-- Task description --
When you reach the line with "VALENTINO GARAVANI UOMO" in the data below, begin printing lines exactly, and stop once the line with "mobile greenhouse on" has been printed.

*** Information provided Section Begins ***

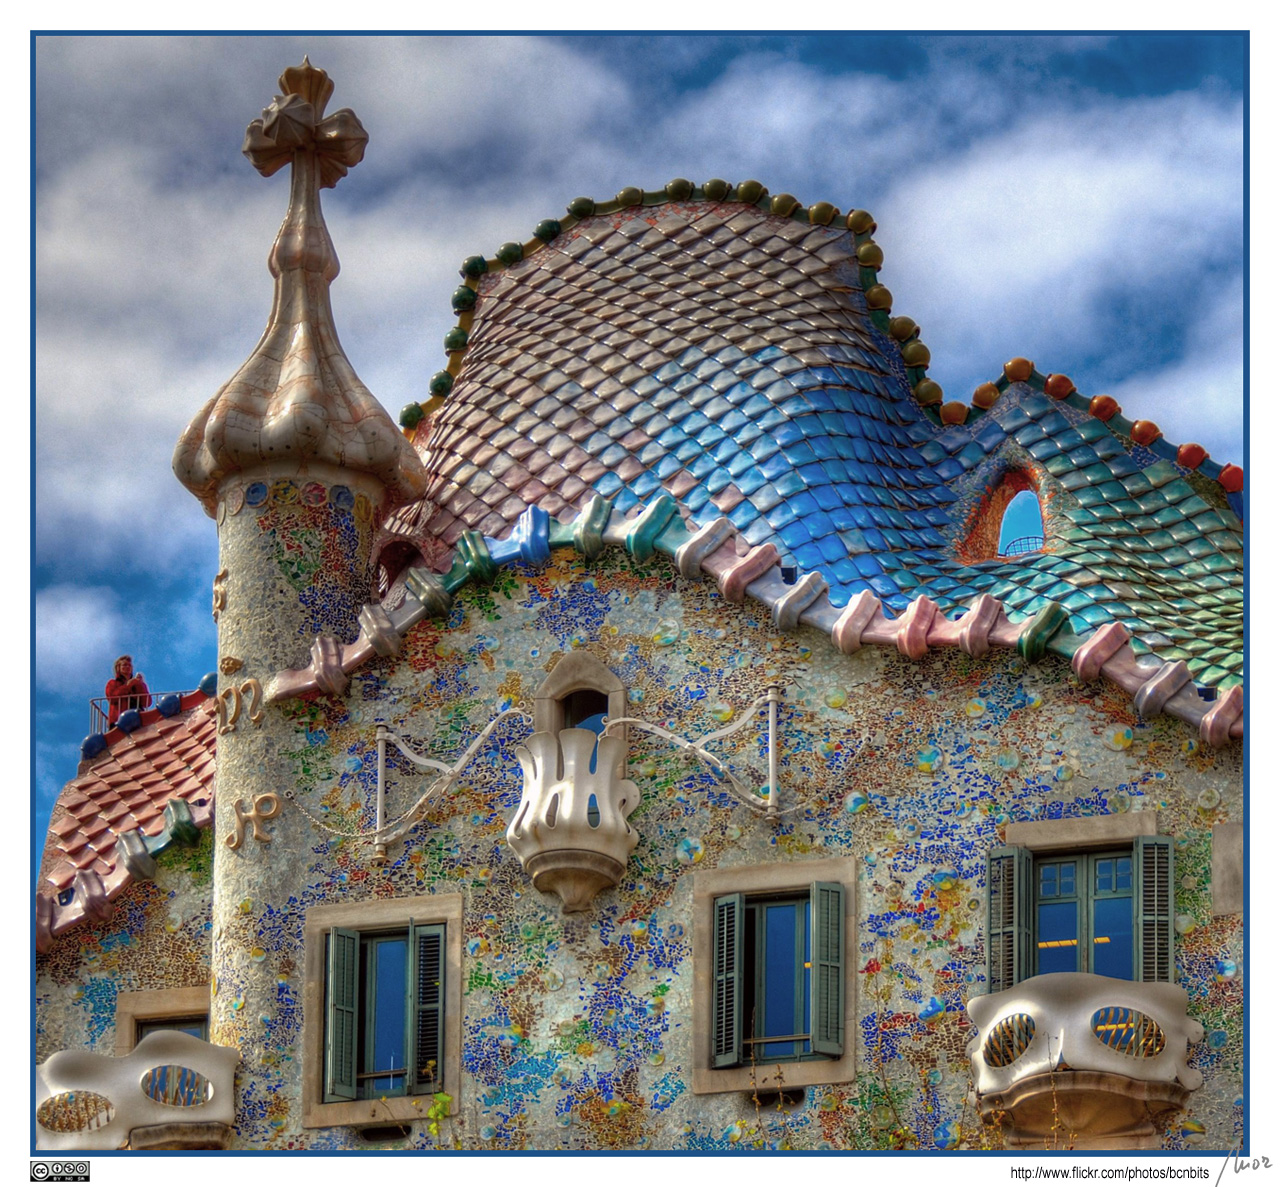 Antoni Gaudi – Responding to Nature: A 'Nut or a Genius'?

*** Information provided Section Ends ***
*** Information provided Section Begins ***

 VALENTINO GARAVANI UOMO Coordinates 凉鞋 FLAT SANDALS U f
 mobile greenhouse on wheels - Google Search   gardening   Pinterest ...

*** Information provided Section Ends ***
*** Information provided Section Begins ***

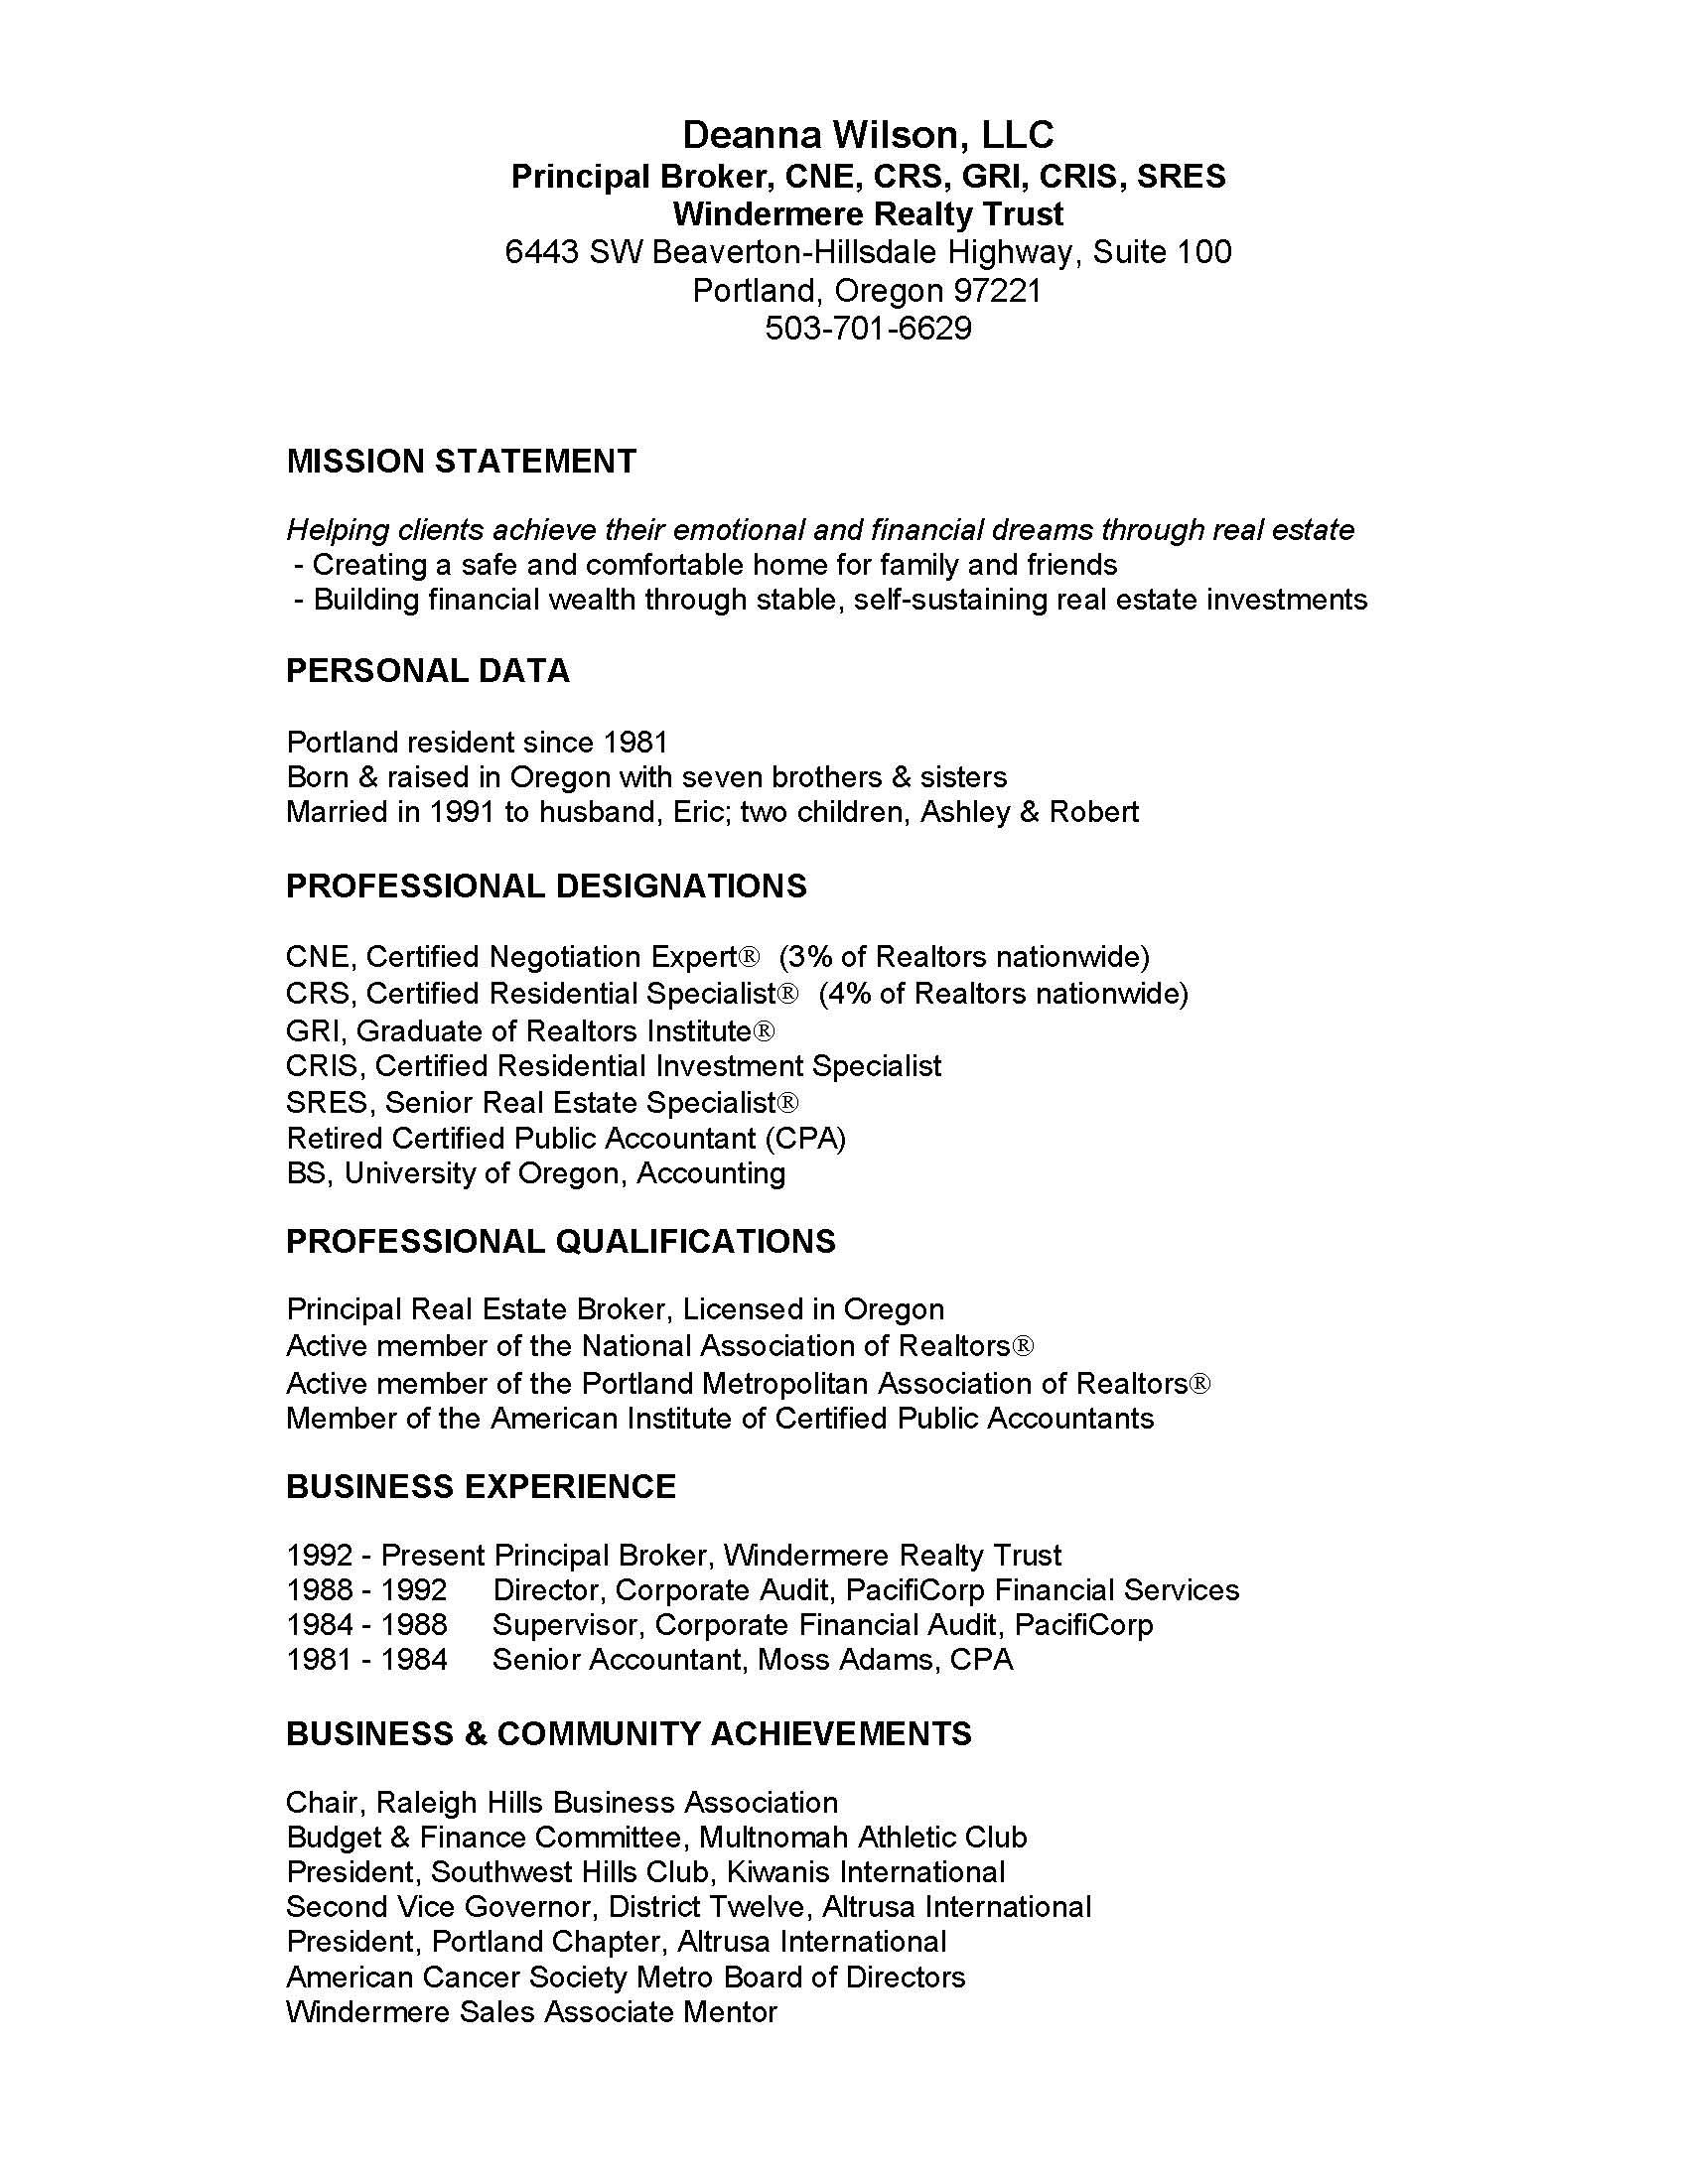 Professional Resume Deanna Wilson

*** Information provided Section Ends ***

-- Result below --
 VALENTINO GARAVANI UOMO Coordinates 凉鞋 FLAT SANDALS U f
 mobile greenhouse on wheels - Google Search   gardening   Pinterest ...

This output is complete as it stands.